The plaintiffs' second cause of action to recover damages for fraudulent misrepresentation is premised on a claim that the defendant utilized false advertising. However, the plaintiffs, in their complaint and evidentiary material in support thereof, have failed to assert facts from which it could be concluded that they justifiably relied on the alleged misrepresentations (see, Levy v. Country Lakes Homes, 133 A.D.2d 70). Therefore, this cause of action is dismissed. The plaintiffs' sixth and seventh causes of action to recover damages for deceptive acts and practices and false advertising (see, General Business Law § 349 [a], [h]; § 350-e [3]), are grounded on the same allegations, and are also dismissed for failure to sufficiently demonstrate reliance (see, Butler v. Caldwell Cook, 122 A.D.2d 559).

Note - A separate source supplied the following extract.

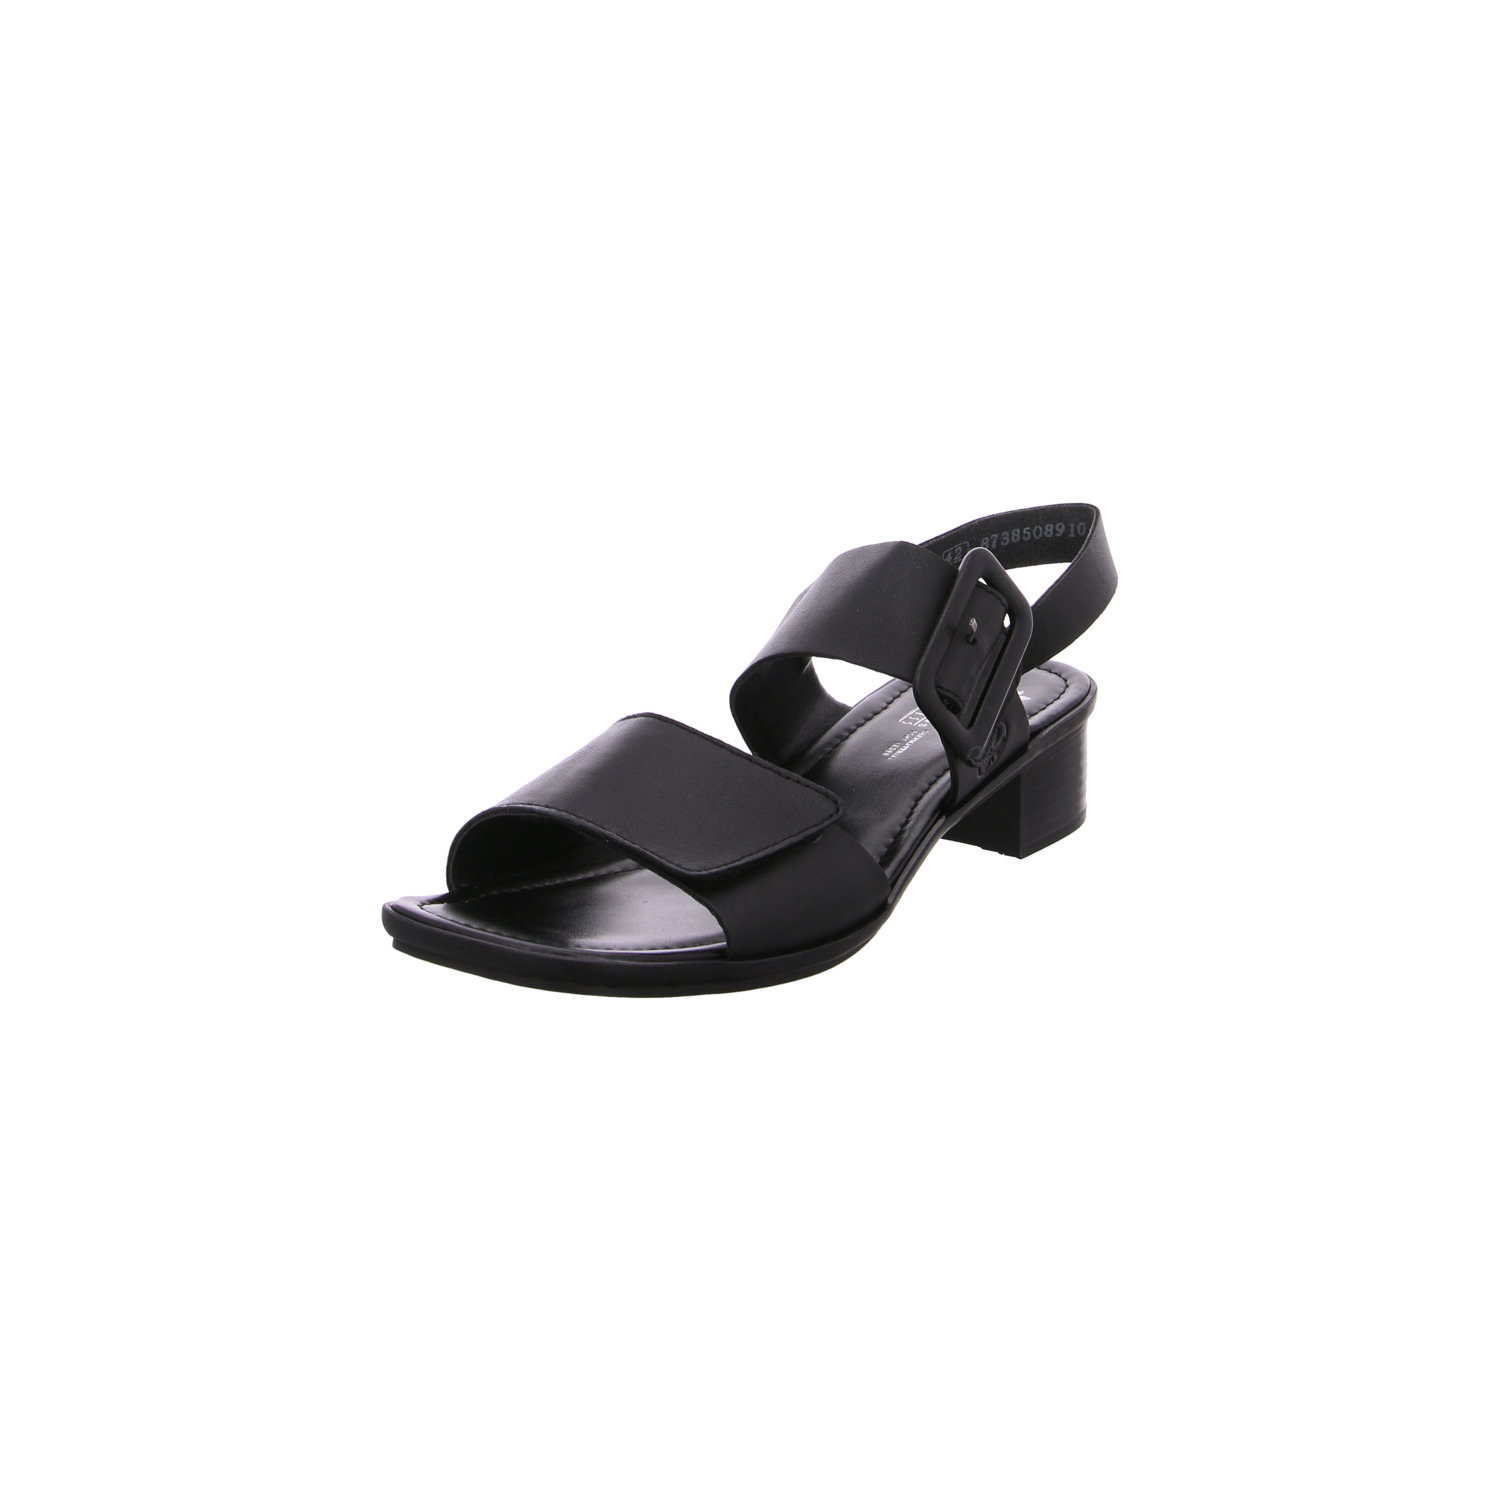 rieker-sandaletten-schwarz-120198-36

The plaintiffs' eighth cause of action asserts a claim that the defendant engaged in an unreasonable restraint of trade in violation of the Donnelly Act (see, General Business Law § 340). This cause of action is based upon the defendant's alleged misuse of its monopoly power. The failure of the plaintiffs to allege that the defendant engaged in concerted activity with another entity requires dismissal of this cause of action (see, Creative Trading Co. v. Larkin-Pluznick-Larkin, Inc., 136 A.D.2d 461, 462). The plaintiffs' ninth cause of action asserts that the defendant's "Rate Card" is an illegal "tying" arrangement. However, a review of the Rate Card indicates that the programing services which are allegedly being tied may be purchased individually, and, therefore, no "tying" claim may lie (see, Northern Pac. Ry. Co. v. United States, 356 U.S. 1, 6, n 4).
The plaintiffs' eleventh cause of action asserts yet another claim of fraudulent misrepresentation, and is dealt with in the companion appeal (see, Bello v. Cablevision Sys. Corp., 185 A.D.2d 262, supra [decided herewith]). Harwood, J.P., Balletta, Lawrence and Santucci, JJ., concur.